Goldfarb: XML is going to be pervasive. How visible it will be to an ordinary web user, other than by its benefits, is hard to say and not terribly relevant. But one of the major areas is the movement from the web as a source of pages to the web as a source of services. The idea is that when you go to a web site and request something, that is not a request for a stored page the way it was in the early days, but it's a request to get some information or to conduct a transaction. Your web server may turn around and offload some of that to other web servers, or it may use data from other web servers, and these programs will talk to one another and conduct business. That's very different from just asking for a page. There are directory standards being created called UDDI (Universal Description, Discovery and Integration), that will locate the appropriate servers to do the task you need done, choose your business partners based on information in these directories, and consummate the transaction.
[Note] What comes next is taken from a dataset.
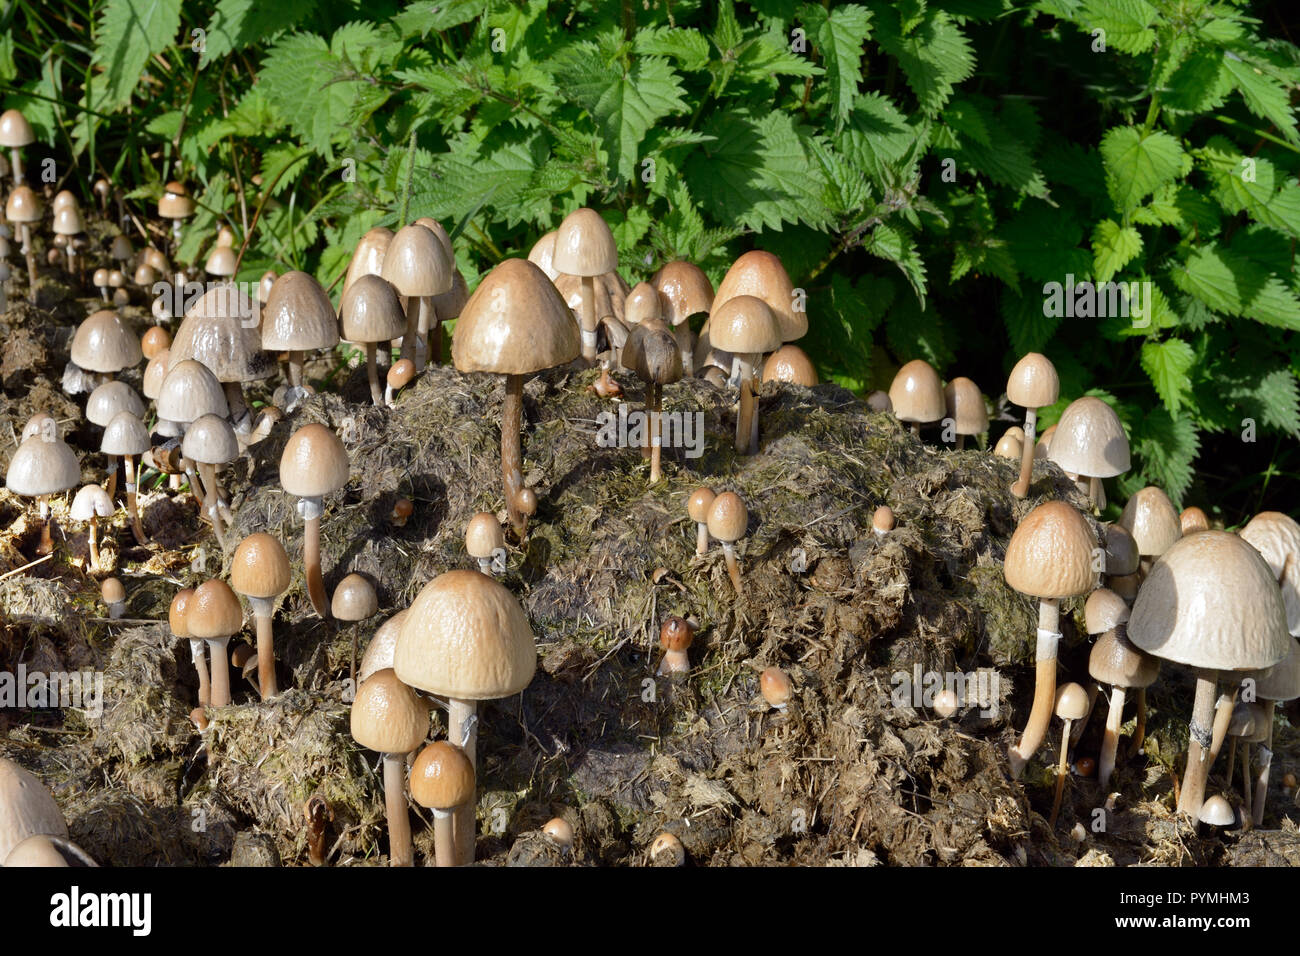 Panaeolus semiovatus is a saprobic fungus or toadstool often found in clusters on horse dung. Stock Photo

If you are given to apocalyptic visions this could be "Terminator Three" if it ever goes bad... computers conducting business without human intervention. The way a business is described in XML is going to determine whether other computers will do business with it. And that says developers have got to have a real sense of responsibility here. One of the objectives we had in the XML handbook, was to give developers not just the mechanics but also the underlying reasoning behind XML, so that they can see the entire task that lies before them, not just the particular job that they've got to code today.

Tim Anderson is a developer and IT journalist, with regular columns on web development and application development in the computer press.